About the Author: Gordon Dalgleish is the Co-Founding Director of PerryGolf, the leading provider of international golf vacations. View on LinkedIn.

Part 5: Sabers & Vineyards in the Cape Winelands, South Africa

Boschendal Wine Farm

Three consecutive golf days can often be enough for many travelers, despite how interesting, unique and challenging the courses may be. Our journey to the Winelands, about 60 minutes from Cape Town, was a wonderful break and opportunity for the group to enjoy another element of the South African experience.

Cape Winelands

Dinner on our first evening at Lanzerac House was in the Governor’s Hall and the images do not do it justice. One long, magnificent table with the most comfortable dining table seats I can recall sitting in…coupled with excellent service and food…made for a lovely evening and set the tone for our next 36 hours in this wine region.
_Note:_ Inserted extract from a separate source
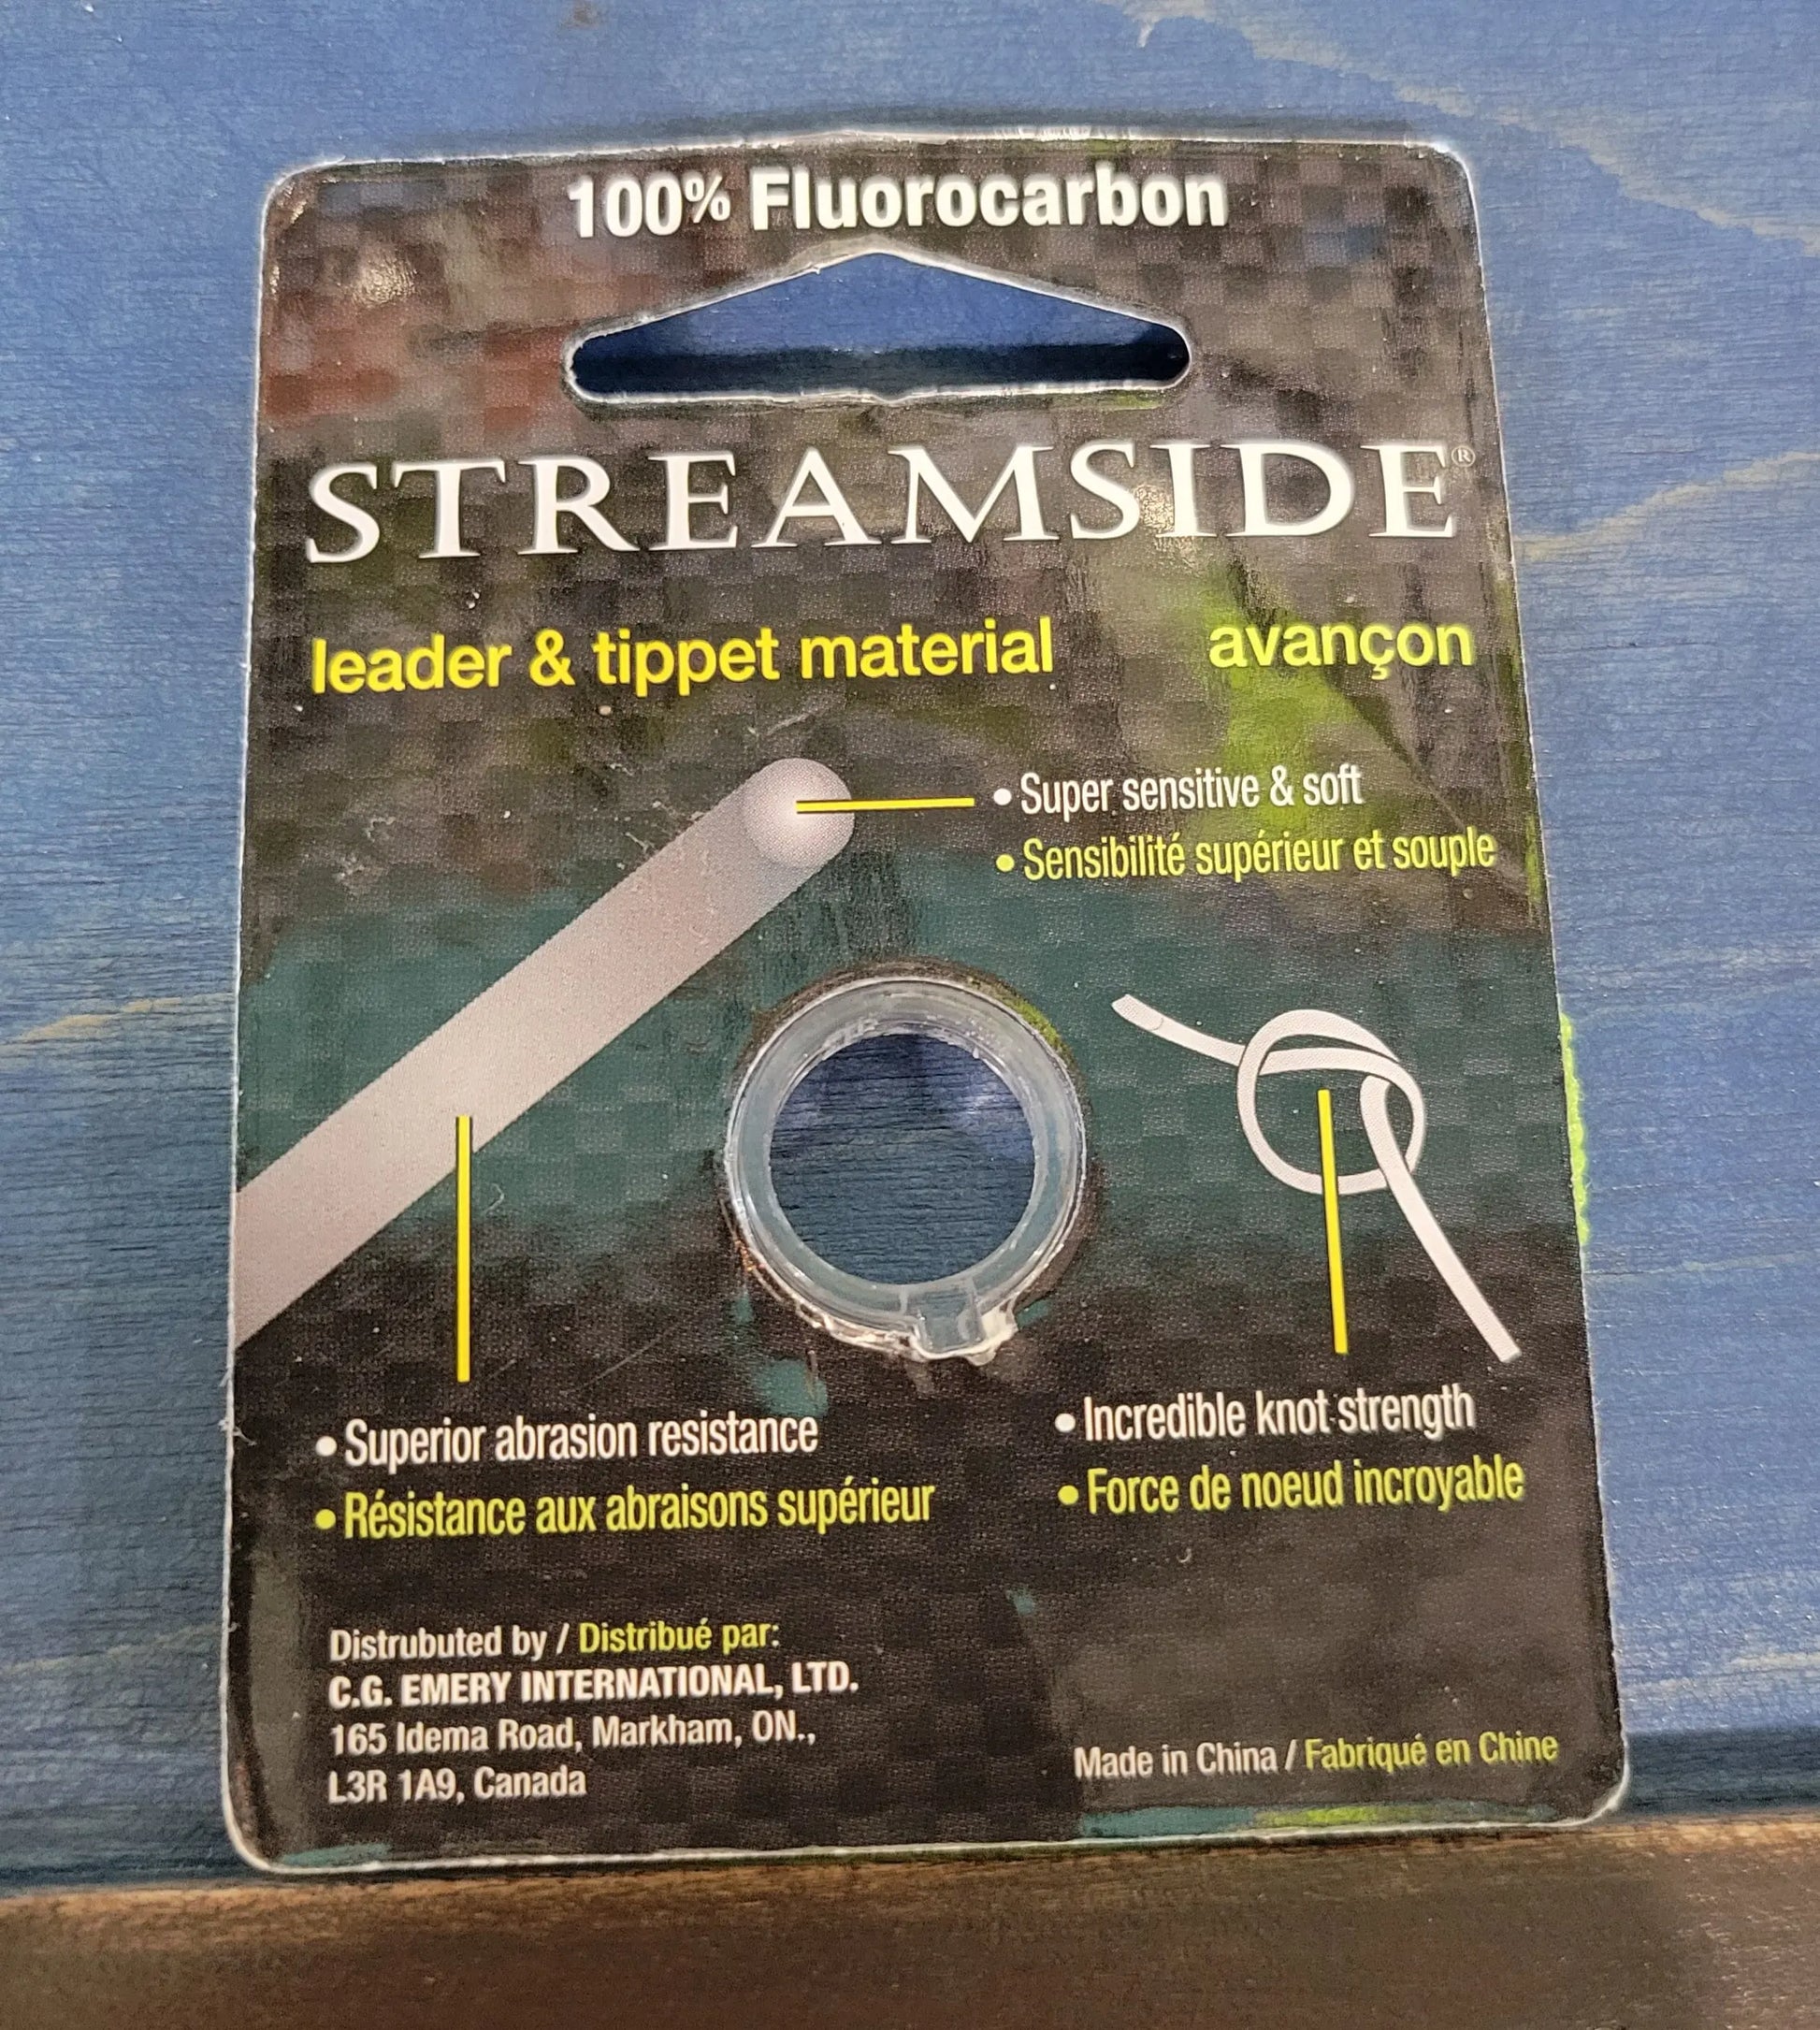 Streamside Fluorocarbon Leader & Tippet Material 3.7lb 30m C.G. Emery

Lanzerac House – Dinner in the Governor’s Hall

The following day we visited Boschendal Wine Farm for a wine tasting – it was a gorgeous morning, pleasantly warm while enjoying the shade of a massive oak tree. Three of our group even learned how to open a wine bottle with nothing more than a saber! We also enjoyed an entirely impromptu song from two of the local servers.

From there we had a short ride to Leopard’s Leap Family Vineyards for another wine tasting and an excellent lunch.

As we travelled through the countryside, Chris, our Tour Manager provided a concise history of wine and the development of Cape Town & South Africa.

The small town of Franschhoek was our final stop. The second oldest town in South Africa, the central street is a wonderful mix of restaurants, boutiques, art galleries and coffee shops. 

…time to return to our accommodations and for many a relaxing nap!